You can never make good cider,
with life's worm-eaten fruit;
wait for the warm glow of summer
and pick from the tree anew.

The stream will keep on flowing,
the waters fast move on;
I will not keep on dreaming
of a life that is clearly gone.

My body is at a low ebb. Only two hours sleep last night before I awoke to wee, and then only dribbles despite the urgency. I do not know if it is the after-effects of irradiation, or some manifestation of the cancer. I smell like a sewer – it is always bad when one can smell oneself coming. I do not think it is the smell of cancer (see "The smell of death"), but I suspect it arises from a permeability of the inflamed bowel wall. It is a strange battle, not an angry fight of open warfare, but more like a fifth column undermining the integrity of the whole, working undercover to bring disruption and sew doubt.

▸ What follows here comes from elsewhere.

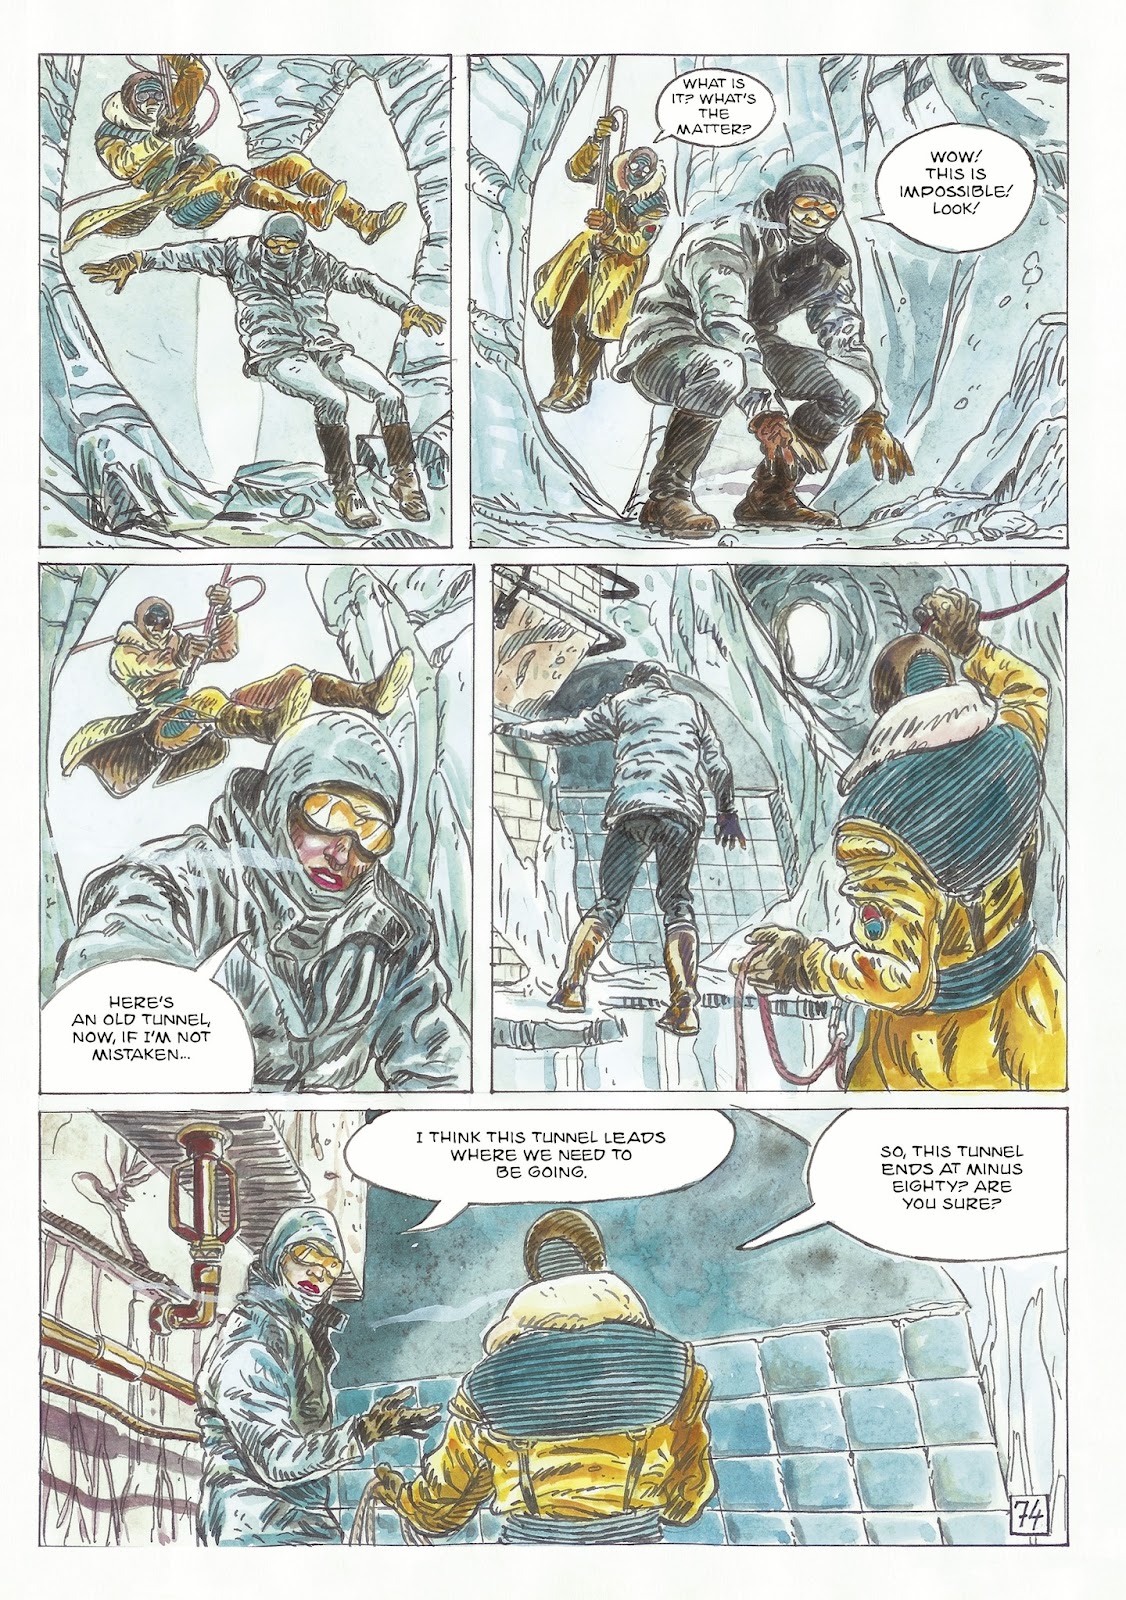 The Man With the Bear issue 2 - Page 20

I awoke with memories of uneasy dreams. I was accompanied by a band of my children, attempting to reach the edge of a deep valley. I had been there before many times in previous dreams, but had always approached from the far end, usually having emerged from some tunnel. Now the track took us past a nest of tiny cobras, each erect with flared hood and menacing, and before us was a conveyor belt feeding a furnace that we had to cross. Though silent now, I knew a great lump of coal would soon drop from the chute, and the thing would start up. One of the children started to play with the conveyor belt, and I had to warn him to keep away, least he be caught up in it when it started up.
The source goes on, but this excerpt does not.